The earth is the Lord’s and everything in it. It was all created by Him, and it all belongs to Him –
whether it is acknowledged as such or not. In the beginning, GOD created: God formed us; God
formed the earth; God formed the church as a temporary demonstration of the covenant that He
established and He fulfilled.
And so holding on to this truth, and letting go of fear by remembering that even if the vote
right here is a ‘yes’ on July 7th and even if the vote at Presbytery in Mifflintown is a ‘yes’ on September
24th, we will still not be the owners of the property, we will still be faithful stewards of it (for GOD IS
the rightful owner): We walk forward by faith, with hope, and with an ever-increasing love in our
hearts, in our souls, and in our minds for the Lord our God – trusting in His promises. We choose to
boldly and clearly speak and teach the truth of the gospel to one another and to the world, we choose
to sacrificially care for each other in whatever way we can, and we choose to submit to the authority
that God has established within the Church for the sake of Christ and His coming kingdom.
There’s no place I’d rather be than right here with you as we prepare to take this step of faith.
Are there risks involved for you? Yes. For me? Yes. But I believe that over the last two years we
have established this fact: What we do, we don’t do for us. What we do, we do pen-ultimately for
those who came before us and for those who will come after us. What we do, ultimately we do for
God the Father, God the Son, and God the Holy Spirit in grateful response for all he has done for us.

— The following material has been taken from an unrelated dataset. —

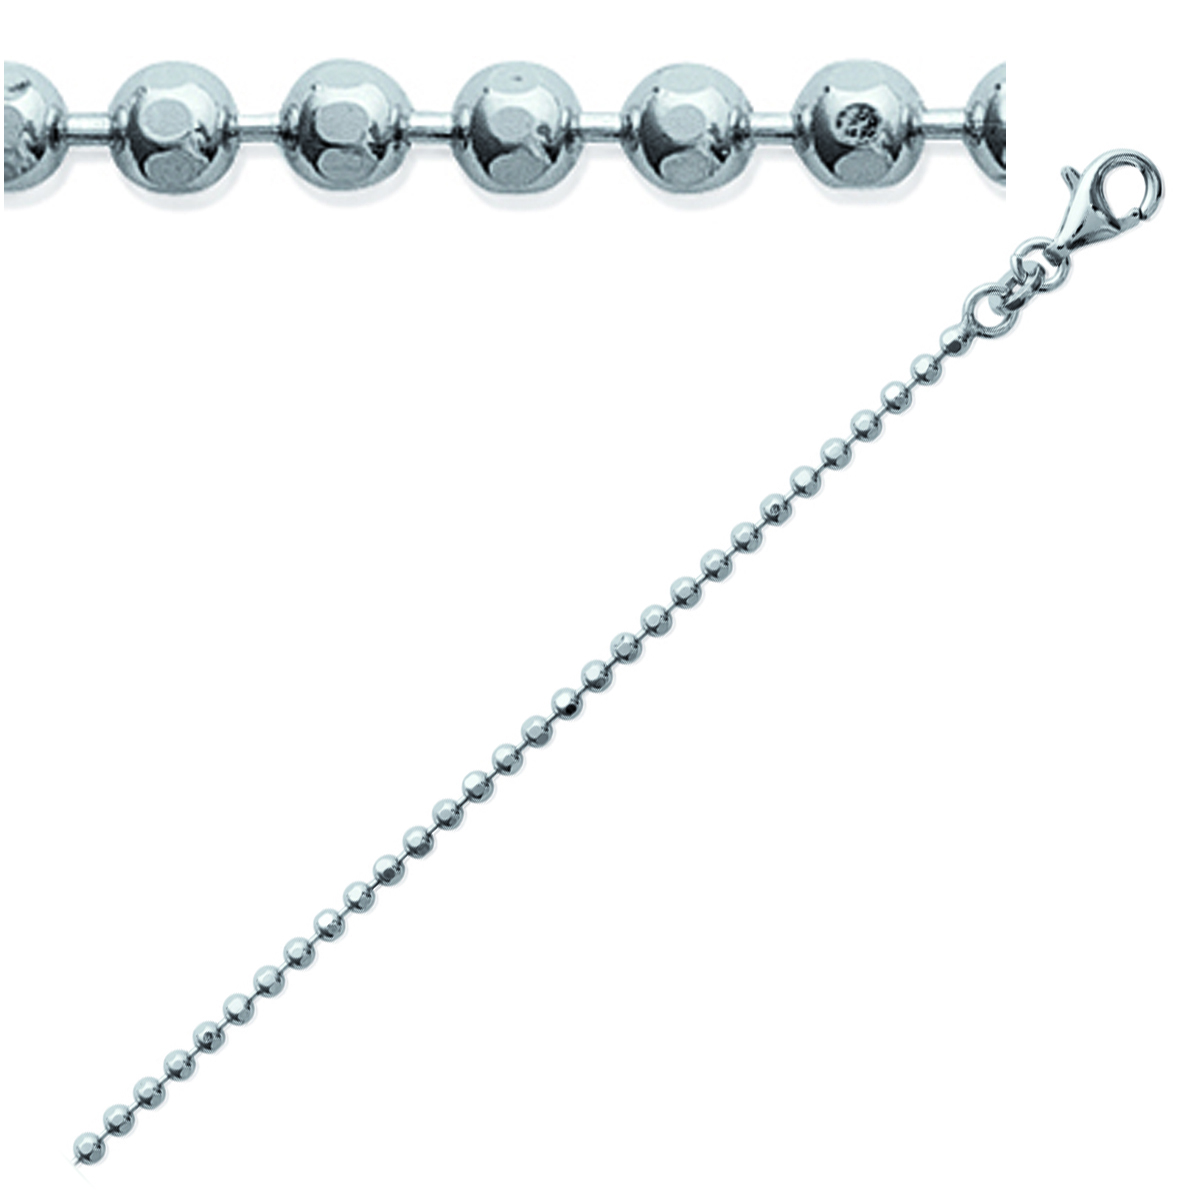 Chaine Argent \'Micro-Billes\' argenté (rhodié) - 40 cm 2 mm - [K3686]
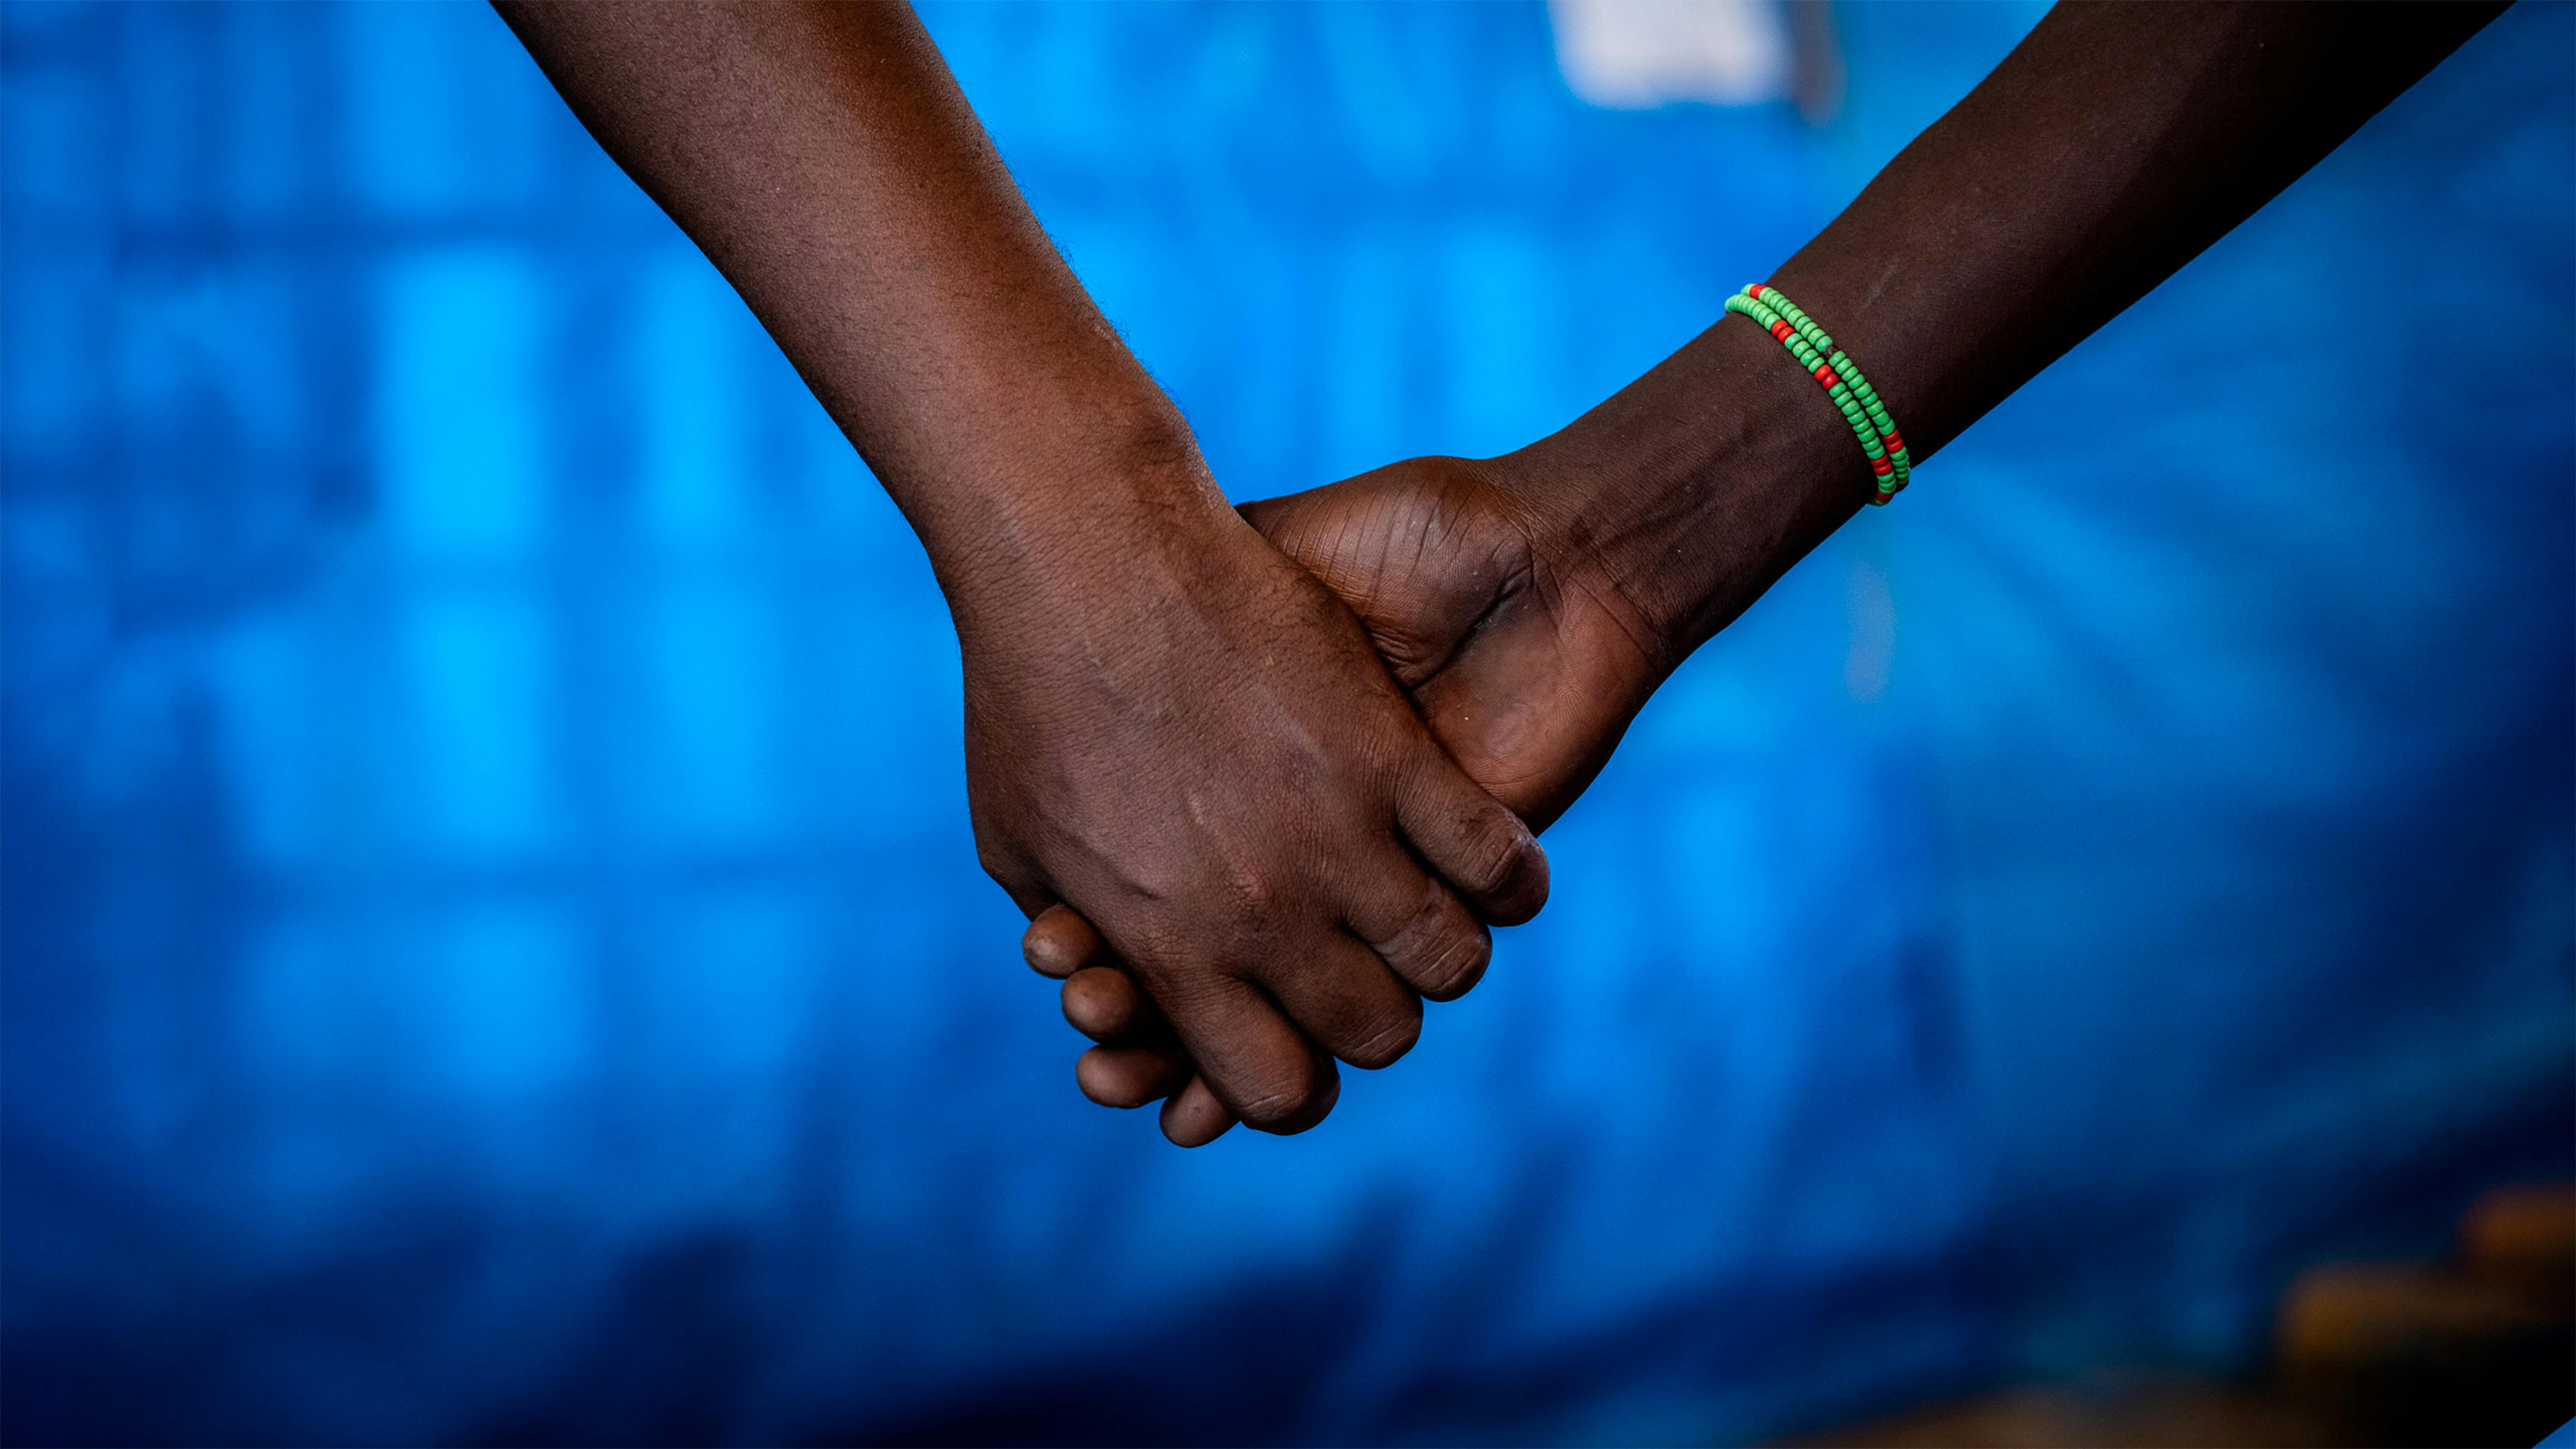 L'infanzia distrutta della tredicenne Enat, costretta a lasciare la scuola e a sposare uno sconosciuto per aiutare la sua famiglia a far fronte alle difficoltà dovute alla siccità in Etiopia

Allow me to pray for us now, using the prayer from Ephesians 2:14-21, “I bow my knees before
the Father, from whom every family in heaven and on earth takes its name. I pray that, according to the
riches of his glory, he may grant that you may be strengthened in your inner being with power through
his Spirit, and that Christ may dwell in your hearts through faith, as you are being rooted and grounded
in love. I pray that you may have the power to comprehend, with all the saints, what is the breadth and
length and height and depth, and to know the love of Christ that surpasses knowledge, so that you may
be filled with all the fullness of God. Now to him who by the power at work within us is able to
accomplish abundantly far more than all we can ask or imagine, to him be glory in the church and in
Christ Jesus to all generations, forever and ever. Amen.”